More than a dozen ventures later, which involved him selling insurance in Oman, and failing at many others, Mr Norriss found himself back in Dubai in 2012, a city which from the start he had pinned his hopes on as a gateway for growth. In his latest venture as the founder and partner in the regional branch of the teacher recruitment agency Coba Education, Mr Norriss says he has distilled the lessons learnt from watching the financial crisis unfurl before him.
__________
Free advertisement
■ For SMEs who want to place an ad free of charge visit: www.thenational.ae/small-business-ads
__________
“Education is growing every year,” he says. “When the next 2008 happens and banks are going bust, when the equivalent of Lehman Brothers happens, people will still be educating their children. It’s always growing and growing with population.”
And the proof, he says, is in the pudding at a time when the UAE economy is beginning to show signs of strain amid the biggest drop in the price of oil since 2008. Since last year, Coba Education has struck partnerships with 30 schools in the UAE and has found jobs for more than 60 teachers. And business is set to get even better after the company landed a government contract to supply 150 teachers.
Investment in education is an activity that is taken very seriously in the UAE and it is an area that the federal government continues to spend on despite the drop in oil revenues.

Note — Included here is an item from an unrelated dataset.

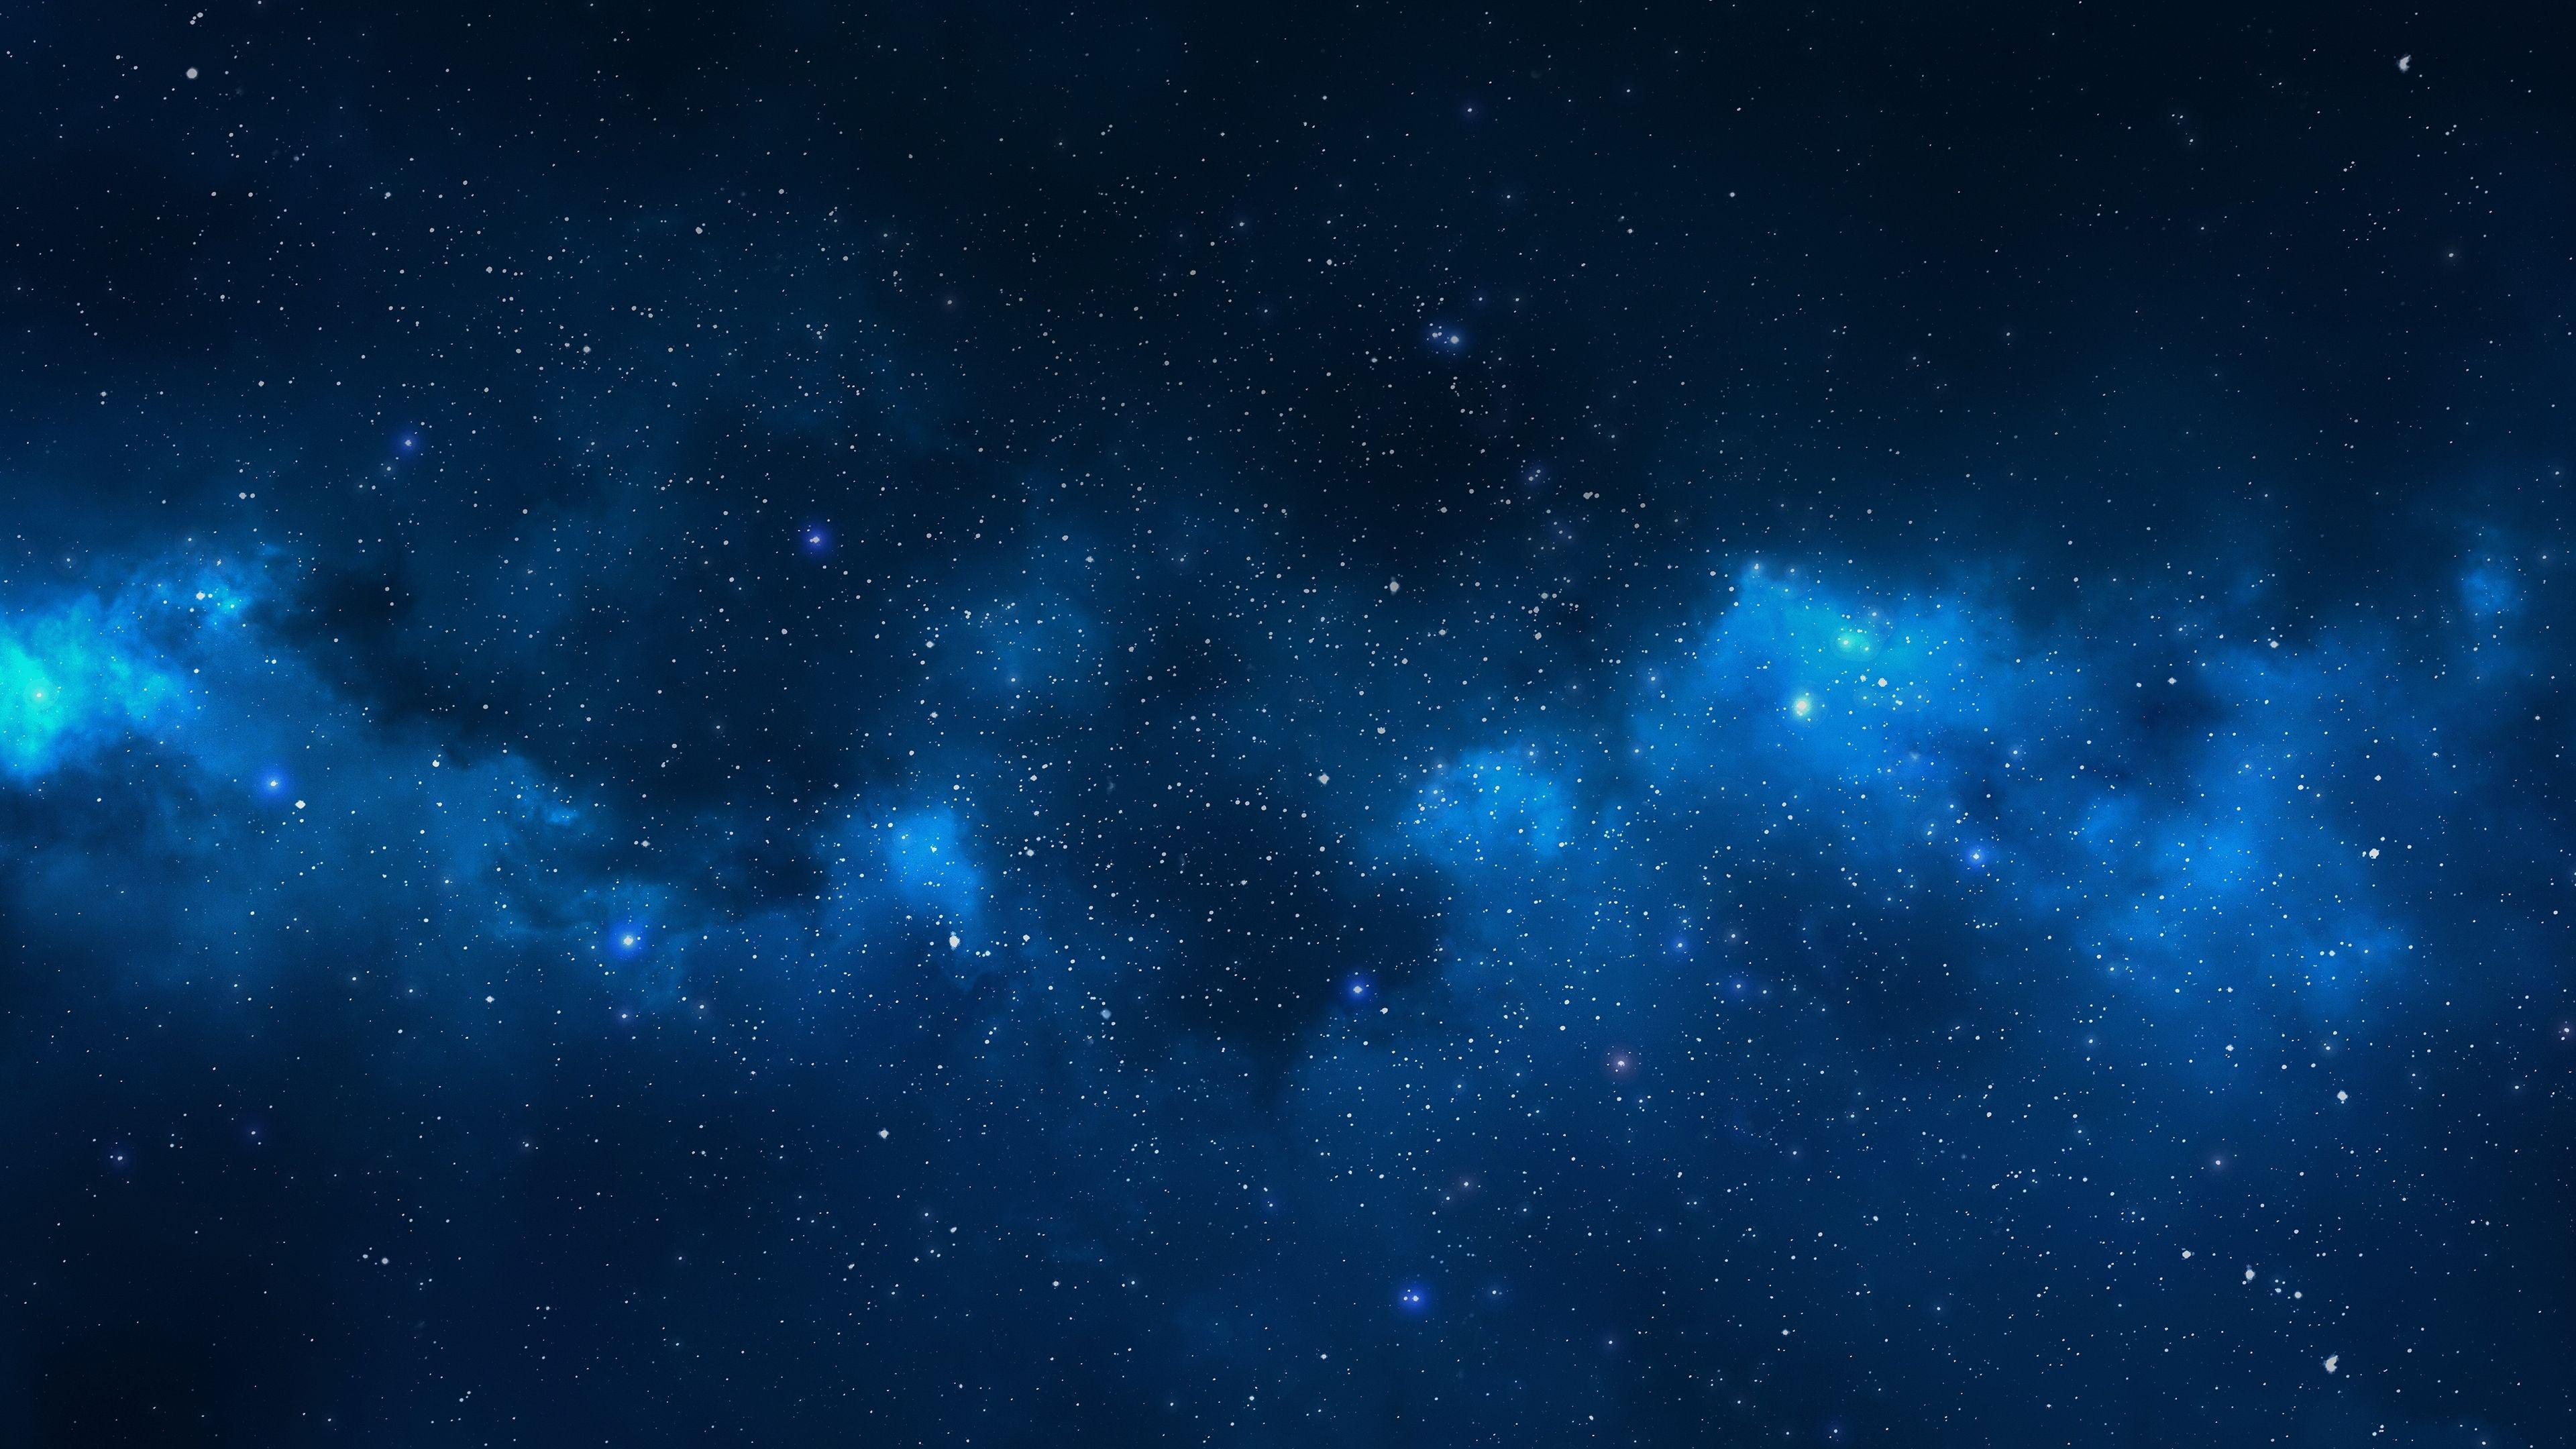 青い銀河の背景 銀河の壁紙 19x1080 Wallpapertip

Private schools are also mushrooming as investors see an opportunity to capitalise on a keenly felt shortage of school places.
A record 21 private schools will open in Dubai for the next academic year, more than the total for the past two years, according to the Knowledge and Human Development Authority. The private school regulator said there was enough demand for the schools, but they would need to find their own niches to succeed.
The Abu Dhabi Education Council’s private school master plan projects a pupil population growth of about 5 per cent annually, reaching about 280,000 in 2020. About 230,000 pupils are registered in 187 private schools across the emirate this academic year.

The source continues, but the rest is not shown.